Either way you have a ton of work ahead of you..."

That nicely summarizes what I experienced in frustration (and wrote about
[http://lexicalclosures.blogspot.com/2009/01/paging-in-
aspnet...](http://lexicalclosures.blogspot.com/2009/01/paging-in-aspnet-using-
nhiberate.html)) when attempting to bind paged data to an ASP.NET GridView
(list) control.

The only difference is that I used an ORM (NHibernate) and not the database to
provide the paged data. It was frustrating because the GridView control just
did not want to play nice if I did not play by its rules.

------
bdfh42
Like all Microsoft development tools ASP.NET is huge and designed to do just
about everything for you - provided you are happy to build web sites as they
were envisaged by the tool designers. There lies the problem - the folks that
built the tool set were not web site architects but tool set architects.
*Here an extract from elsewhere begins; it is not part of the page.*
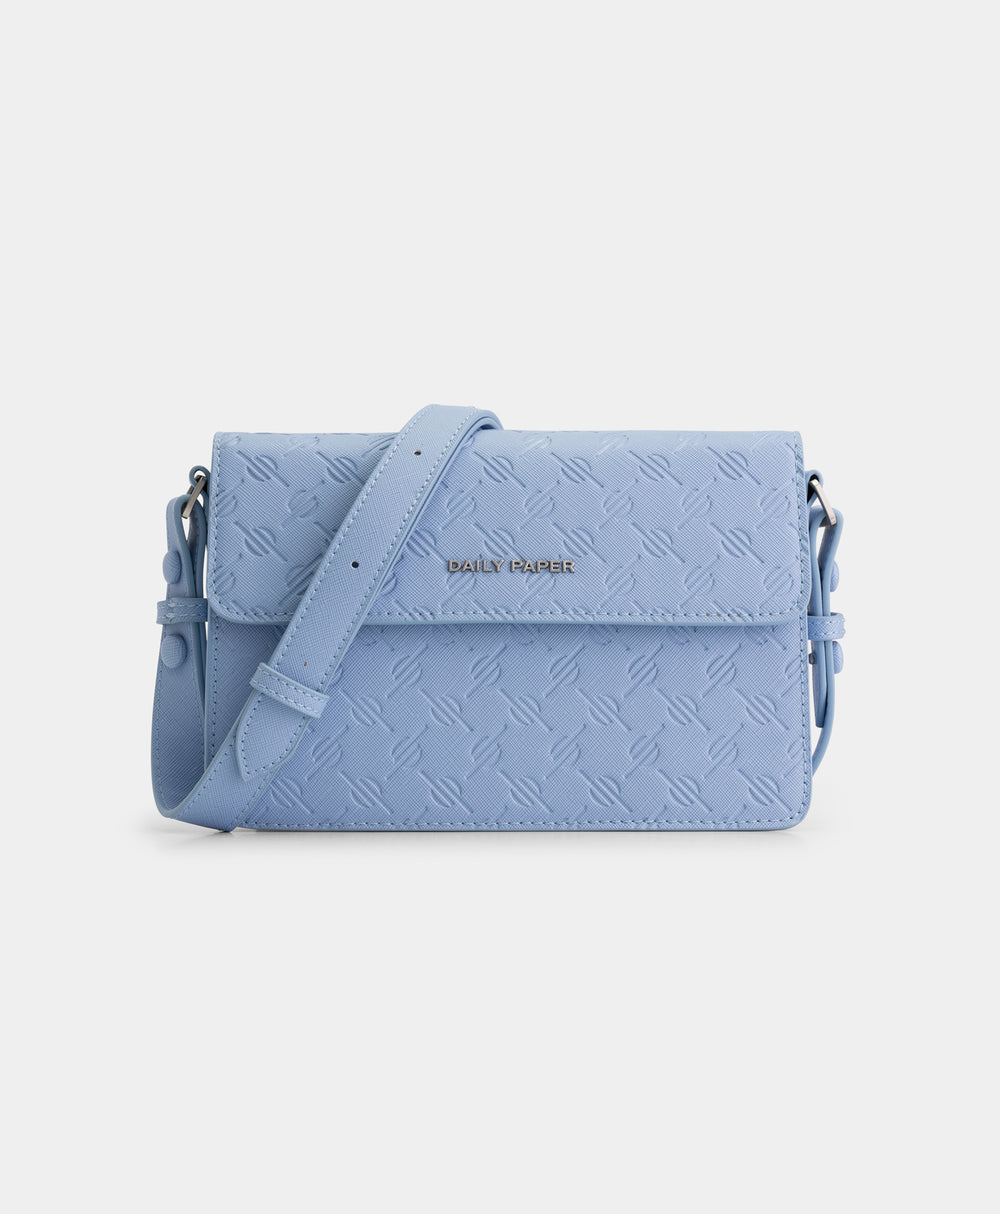 DP - Baby Blue Meru Monogram Bag - Packshot - Front

Thus
its abstractions leak as soon as you start to head off in your own design
directions.

I regularly use ASP.NET to build complex Ajax powered interactive web sites
BUT (and this is important) I take from the tool set what helps with my sites
and ignore the rest. I write (just about) all my own client side scripts and
use the normal techniques for building parts of pages on the fly from JSON
objects but server side the ASP.NET framework is near perfect and provides
just what I need to build my apps.

------
eduardoflores
The .NET framework is pretty good, but Stefan has a point on the paradigm
limitations of ASP.NET (bringing the VB6 programmers to the web on a MS
technology).

By thinking outside the MS box, we have built a site that receives over 5
million pageviews a day... but the .NET part is limited to serving pages with
low traffic and interaction, managing sessions and hits and doing some
minimalistic HTML rendering. The rest are Ruby-generated HTMLs and some
indexing services.

------
senthil_rajasek
Of course, you also want to use a decent "data access" layer that uses a DAO
or ActiveRecord pattern, if needed and your favorite view templating engine,
to leverage the MVC framework completely.